As far as the UK’s key cities are concerned, property prices grew by 6.4% in the year to February 2017. This may be down by 7.8% across the country but the average is being hampered by a major slowdown in London’s growth figures.

With the capital seeing a decline in property growth; the leading UK property markets can now be found within the regional cities across the nation. Manchester is leading the way at 8.8% where London’s annual growth has tumbled to 5.6% and fallen to tenth in the list of the top 20 cities for property growth.

Aside of Manchester, more strong growth has been noted in areas such as Portsmouth (8.1%), Bristol (8%), Glasgow (7.7%) and Birmingham at 7.4% alongside its Midland neighbour Leicester at 7.2%. Sadly, Aberdeen is a lonely figure as the only city to see decline in the UK with worrying figures of 5.9% year on year.

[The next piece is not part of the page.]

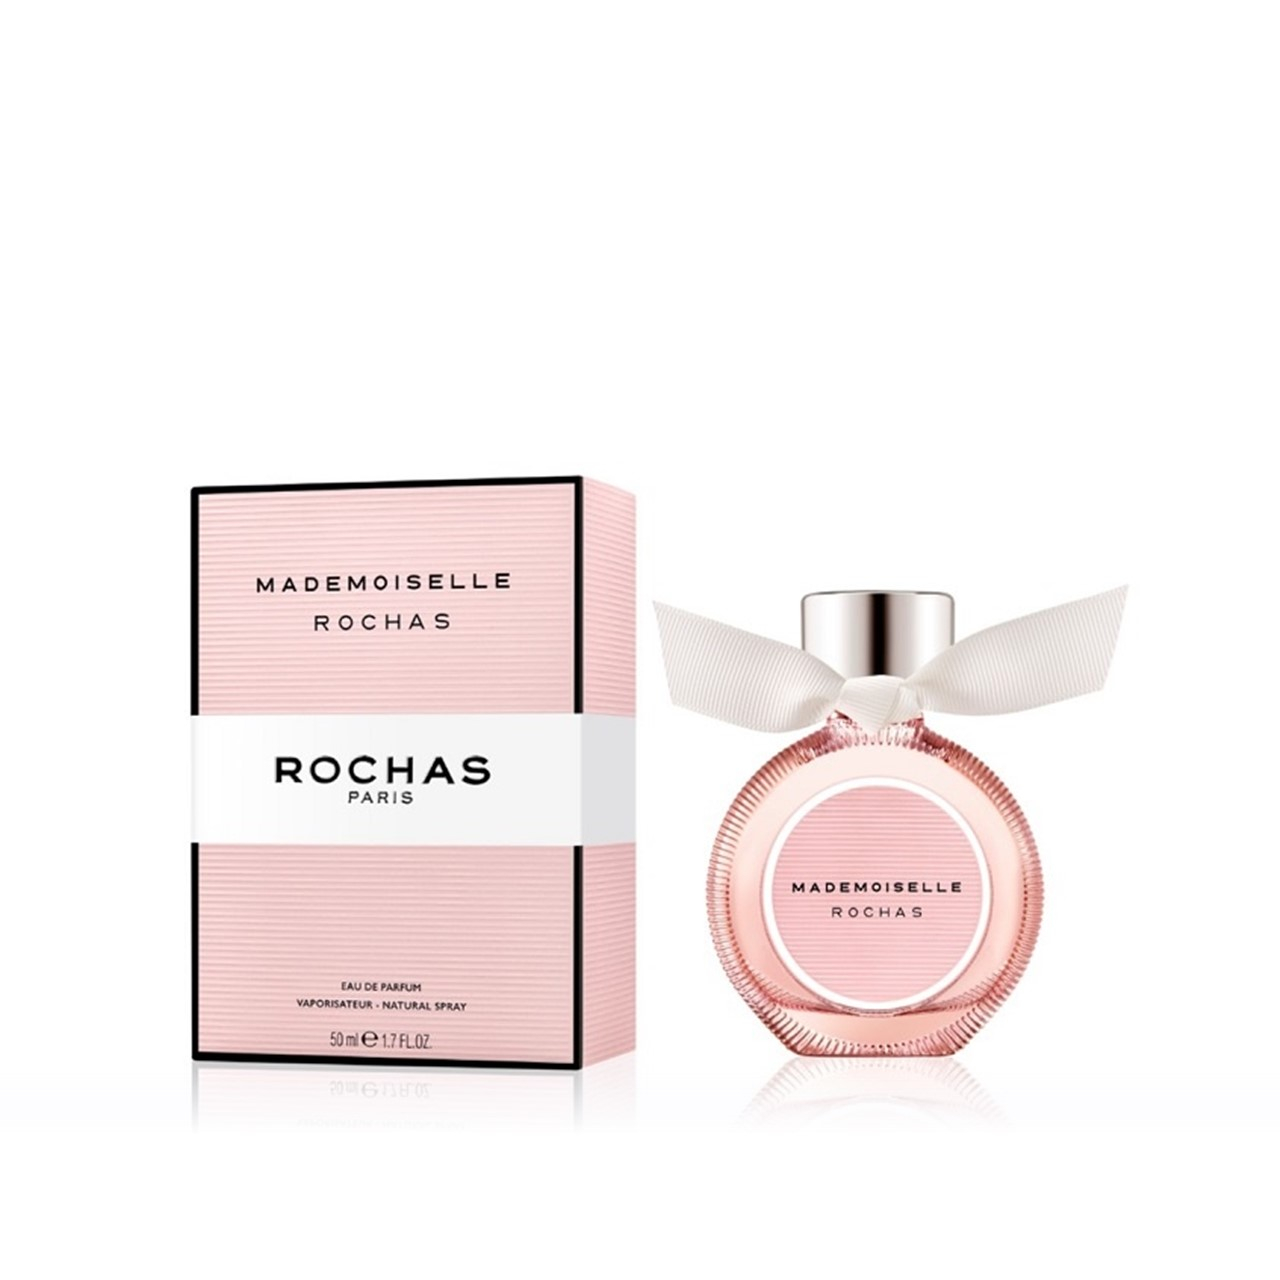 Rochas Mademoiselle Rochas Eau de Parfum 50ml (1.7fl oz)

The overall impression is that affordability remains a major issue for the growth rates in the South of England. Growth has been stimulated in Manchester by a strong supply/demand balance in favour of strong demand – cities in the South cannot measure up to this level of transaction demand despite growing supply levels.

The least affordable cities in the UK have experienced a tumultuous time over the last three years as the turnover of property has been relatively flat and, in some instances, falling. Brexit and lowered investment demand has pushed affordability to its limits in the South and recovery seems a long way off.

Whereas, in the more regional cities of the UK, affordability is becoming less of an issue as the housing market begins to recover in its earliest stages for many areas. Lowered prices are seeing transaction numbers increase and the burgeoning demand is slimming property stock down its bare bones – increased demand against low supply will always push prices up.

As an average; price growth is expected to remain relatively flat across 2017 and the number of transactions will no doubt stagnate in tandem due to a market flooded with less expensive property but no buyers as such.

The higher valued cities in the UK will likely see sales volumes decline by around 5% over the year and this will have a direct impact on the national average given the weight of impression they carry on the figures.

Growth is also expected to slow in the regional cities as the market regulates itself in terms of price and demand. At present, prices and buyers are at their lowest and most populous which will see growth in terms of sales but prices will slowly decline in these bountiful markets.